Visualisation utilities

  • preview_lidar_gui.py opens a Tkinter list of .feather sweeps and renders the selected cloud in Open3D. Use --root to point at a custom folder and --stride to subsample points, or supply a log's city_SE3_egovehicle.feather via the pose picker to stack sweeps in city coordinates.
  • preview_city_pose_gui.py loads a city_SE3_egovehicle.feather file, summarises timestamps/translations, and shows up to 500 rows in a table. Launch it with python preview_city_pose_gui.py --file <path> or use the built-in file picker.
  • plot_pose_on_map.py converts pose translations to WGS84 using the published anchors and writes an interactive HTML map.

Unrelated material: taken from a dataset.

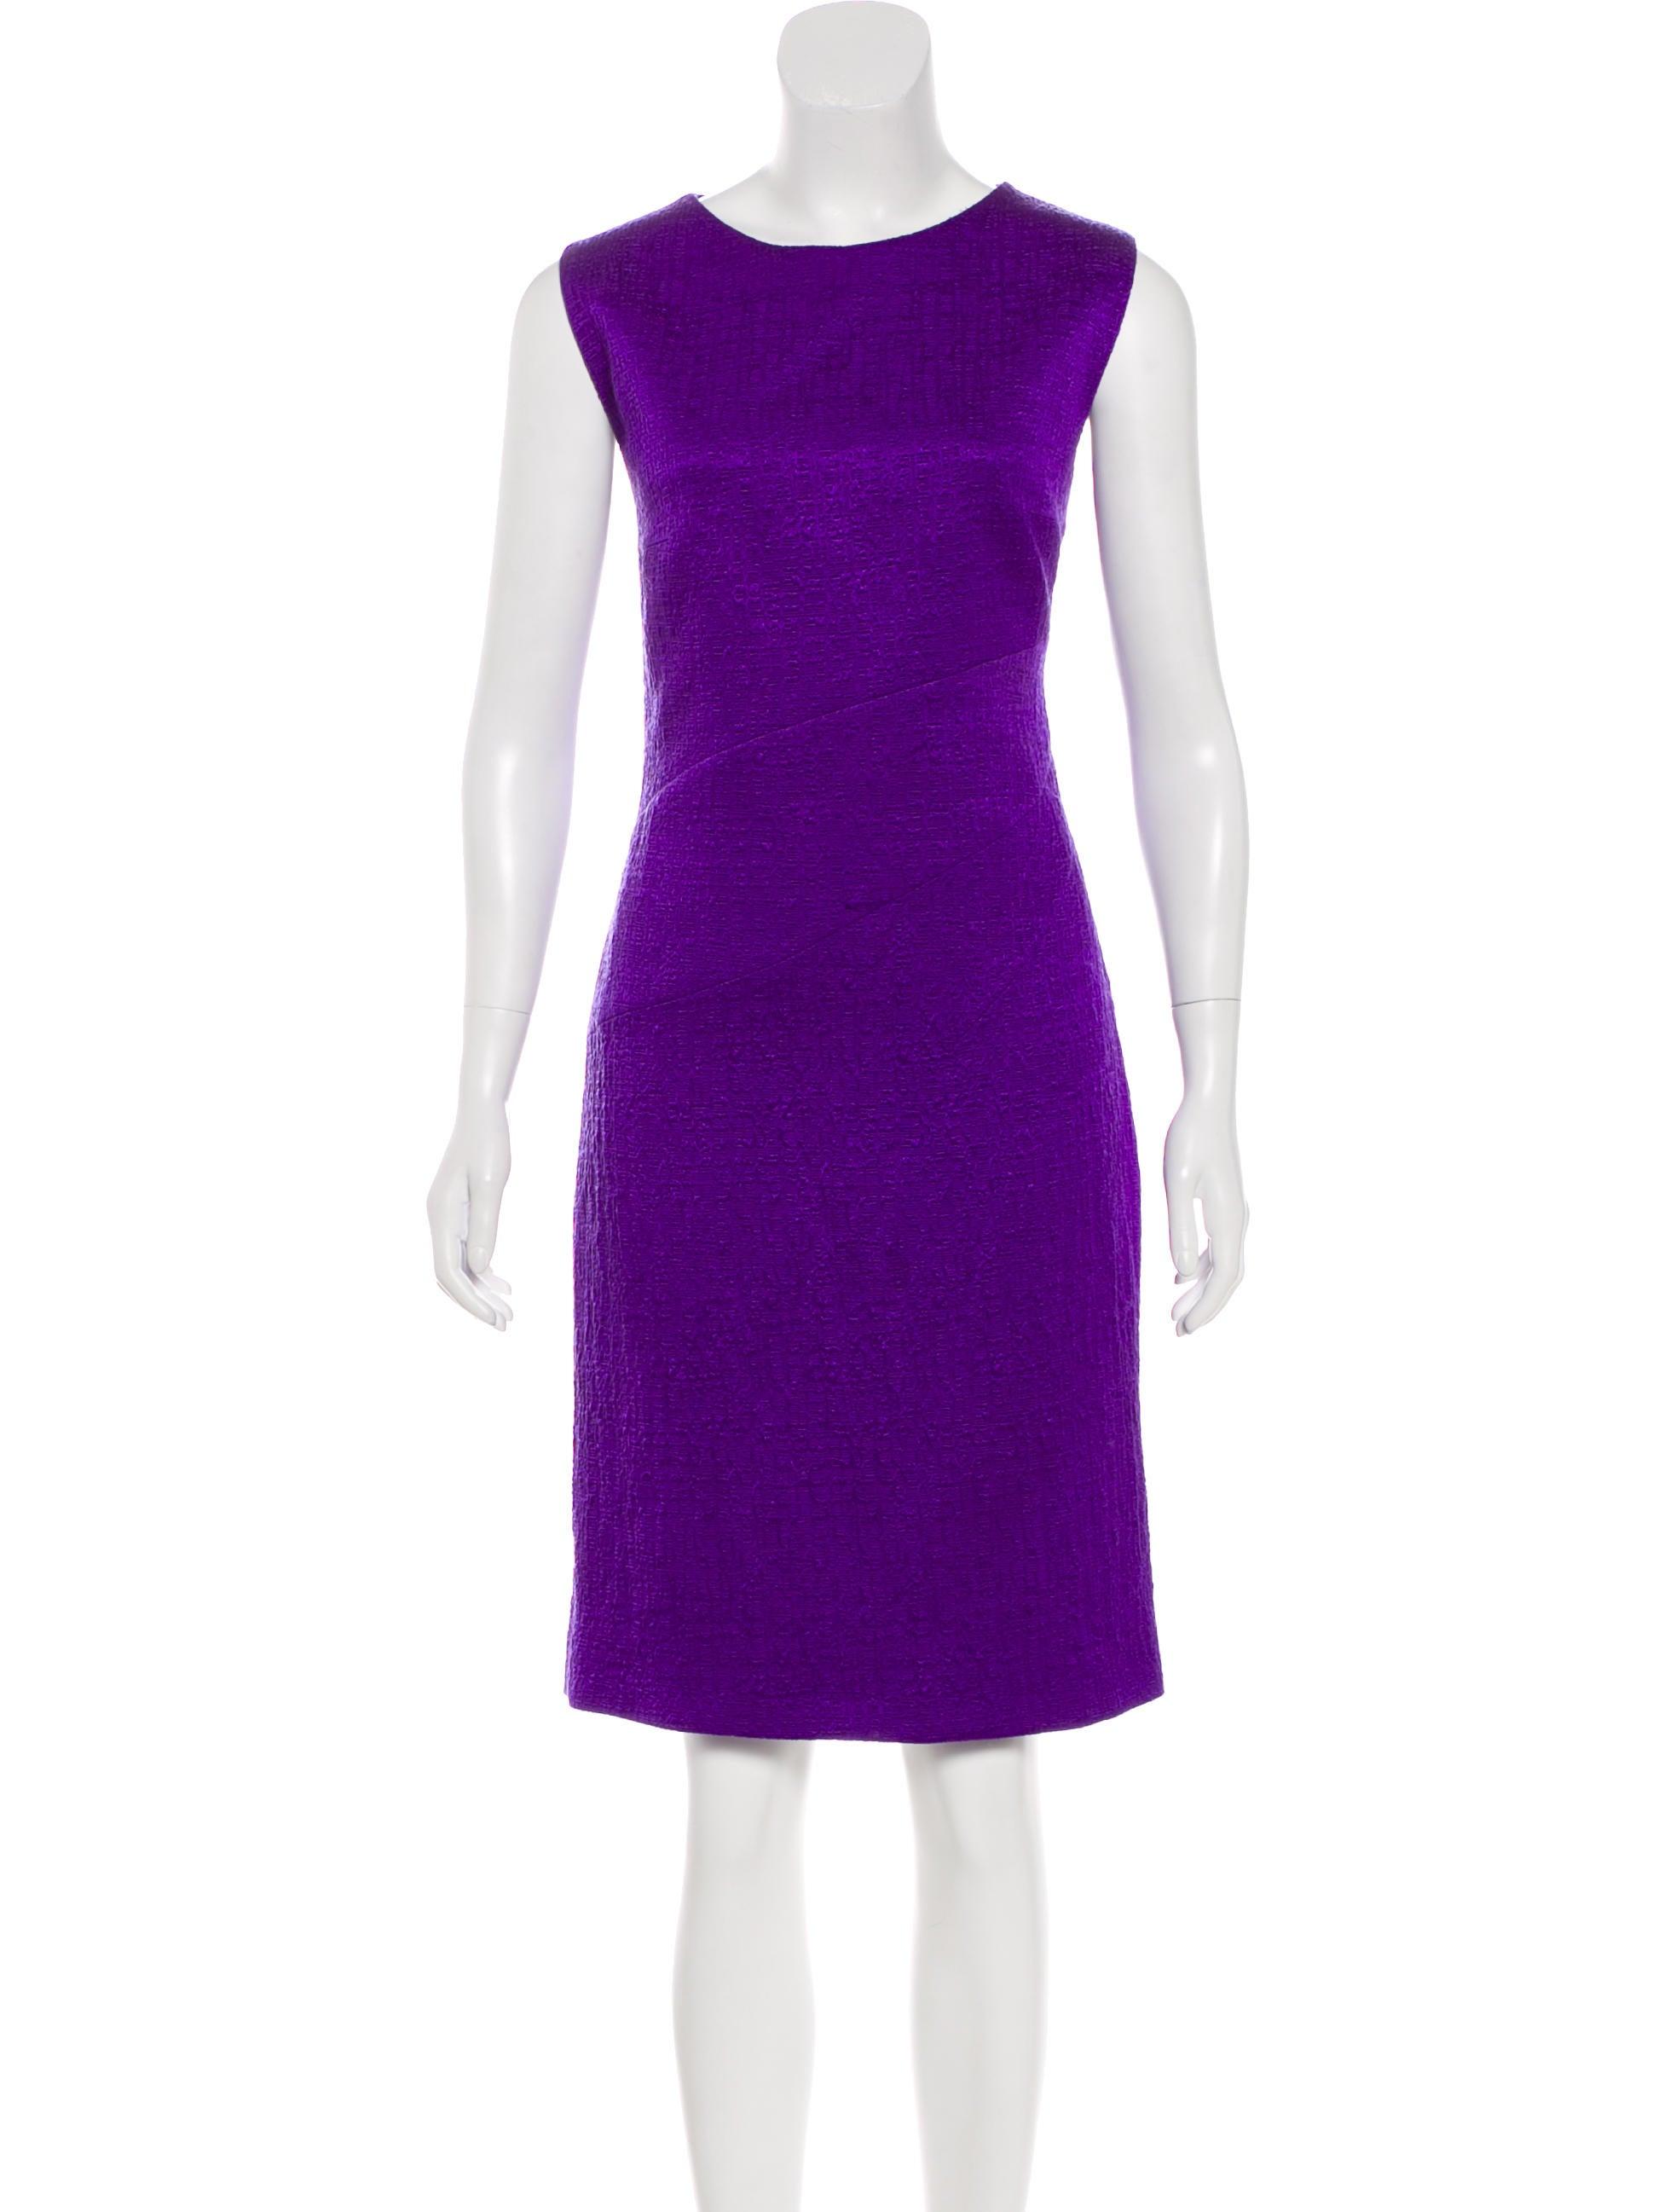 Oscar de la Renta Textured Sheath Dress - Clothing - OSC69749 | The ...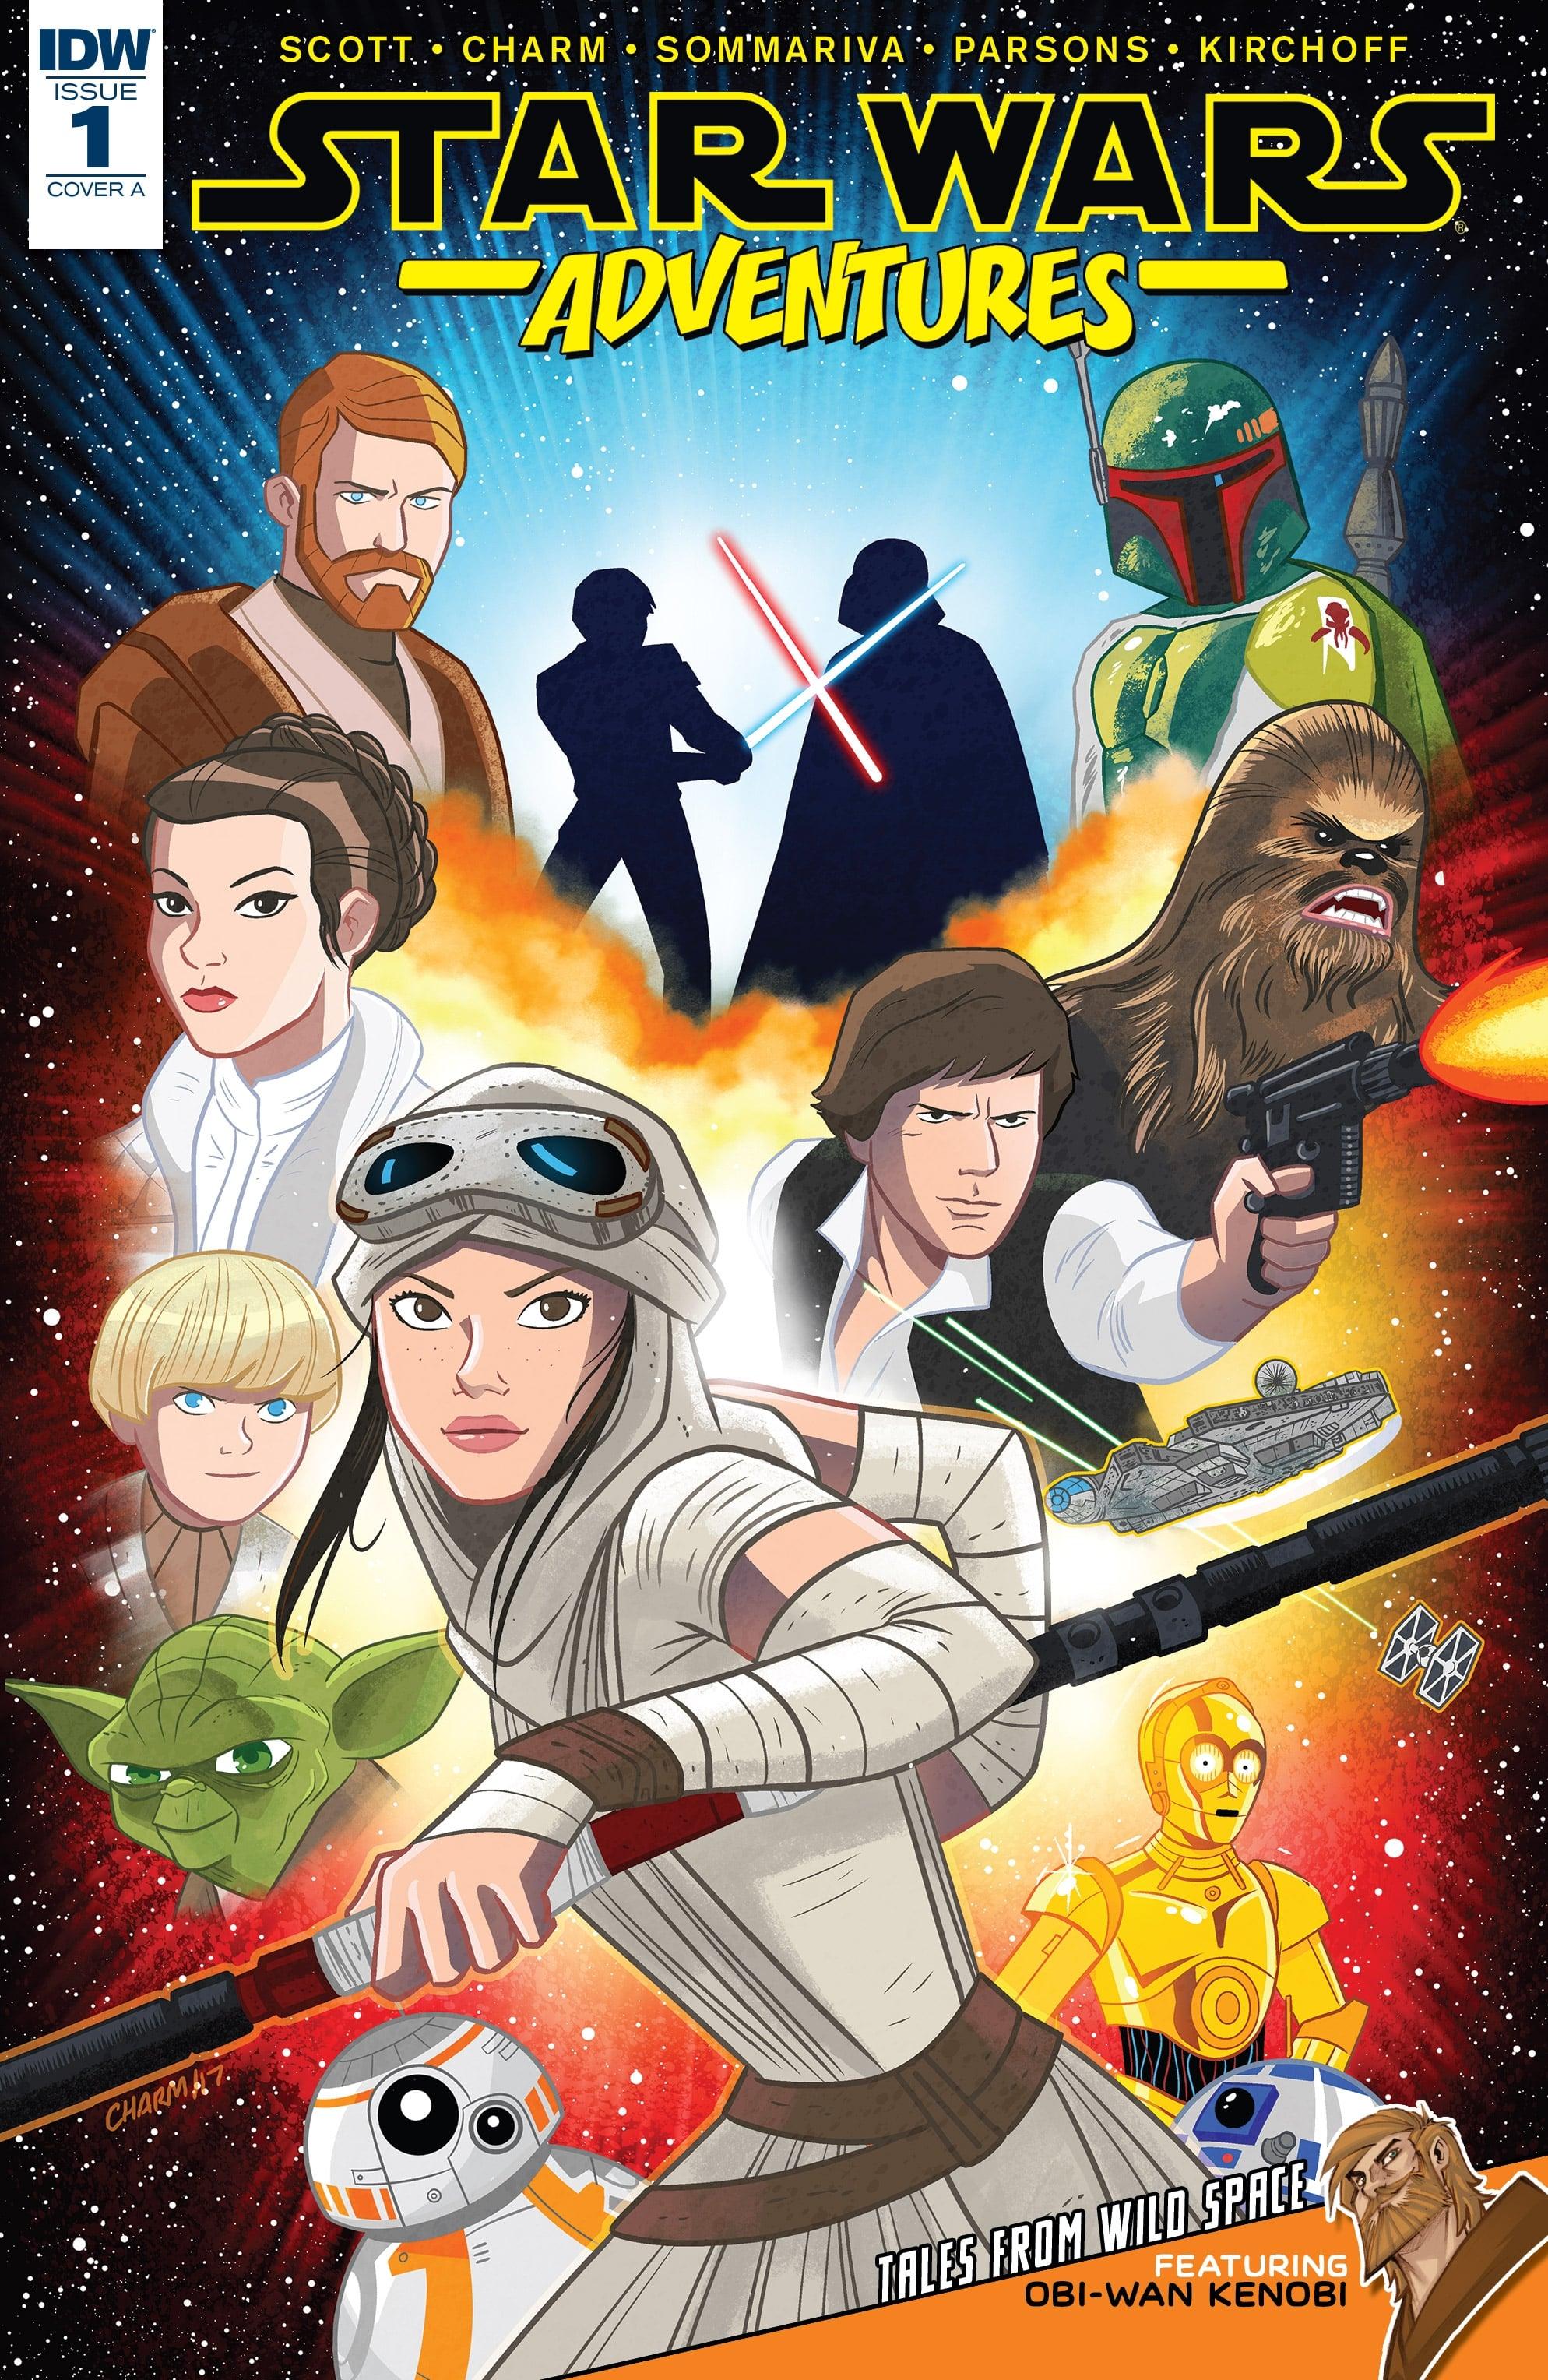 Star Wars Adventures #11

Pass --pose <path> plus optional --city, --output, and --no-open flags.

preview_lidar_gui

Priview-lidar-log-level30s

plot_pose_on_map

Pose coordinate export

  • export_pose_coordinates.py streams every city_SE3_egovehicle.feather from the public Argoverse bucket and writes a consolidated table to av2_coor.feather.
  • The exported dataset now resides at ArgoverseLidar/av2_coor.feather (~0.9 GB, ~6 M rows) and is ready for downstream analytics.
  • Each row represents a timestamped ego pose with both UTM and WGS84 projections derived via the city anchors.
  • Per-log pose files (city_SE3_egovehicle.feather) keep timestamp_ns aligned with a quaternion (qw, qx, qy, qz) and translation in metres (tx_m, ty_m, tz_m) for each sweep.

Pose table columns:

  • city, split, log_id – Provenance of each measurement.
  • timestamp_ns – Capture time in nanoseconds.
  • qw, qx, qy, qz – Ego pose quaternion.
  • tx, ty, tz – Ego translation in the city frame (metres).
  • zone_num_hemi – UTM zone label (all northern hemisphere).
  • easting, northing – Projected UTM coordinates in metres.
  • latitude, longitude – WGS84 coordinates computed via the published city anchors.

Sample rows (first 5):

city split log_id timestamp_ns qw qx qy qz tx ty tz zone_num_hemi easting northing latitude longitude
ATX train 000VFSWWAAkobywItdrErpC6fedKDWg4 315980321560119000 -0.108155 0.001635 -0.006183 -0.994113 599.537892 -2959.546793 -2.974099 14N 621749.565372 3346930.452772 30.247881 -97.734556
ATX train 000VFSWWAAkobywItdrErpC6fedKDWg4 315980321659651000 -0.108047 0.001117 -0.004756 -0.994134 598.731013 -2959.370230 -2.993882 14N 621748.758493 3346930.629335 30.247883 -97.734565
ATX train 000VFSWWAAkobywItdrErpC6fedKDWg4 315980321759848000 -0.108156 0.000556 -0.004991 -0.994121 597.926754 -2959.195747 -3.002643 14N 621747.954235 3346930.803818 30.247884 -97.734573
ATX train 000VFSWWAAkobywItdrErpC6fedKDWg4 315980321860044000 -0.107996 0.000077 -0.004928 -0.994139 597.106269 -2959.014908 -3.013438 14N 621747.133749 3346930.984657 30.247886 -97.734581
ATX train 000VFSWWAAkobywItdrErpC6fedKDWg4 315980321960240000 -0.107731 -0.000679 -0.006384 -0.994159 596.283263 -2958.833294 -3.021527 14N 621746.310743 3346931.166271 30.247888 -97.734590

Heatmap aggregation & maps

  • aggregate_heatmap_cells.py buckets the pose table into 500 m x 500 m UTM cells per city and records the point density (city_heatmap_cells.json).
  • compute_city_bounds.py and render_city_bounds_map.py create a quick bounds overlay (city_bounds.jsoncity_bounds_map.html).
  • render_city_heatmap_map.py layers the per-city rectangles and the heatmap cells onto OpenStreetMap (city_heatmap_map.html), modulating opacity between 0.1–0.8 based on counts.
Heatmap Records Lidar R

Bundled s5cmd

The s5cmd/ folder contains s5cmd.exe (v2.3.0) and upstream documentation so Windows users do not need to install it separately. The downloader script points to this binary by default but accepts a custom path when required.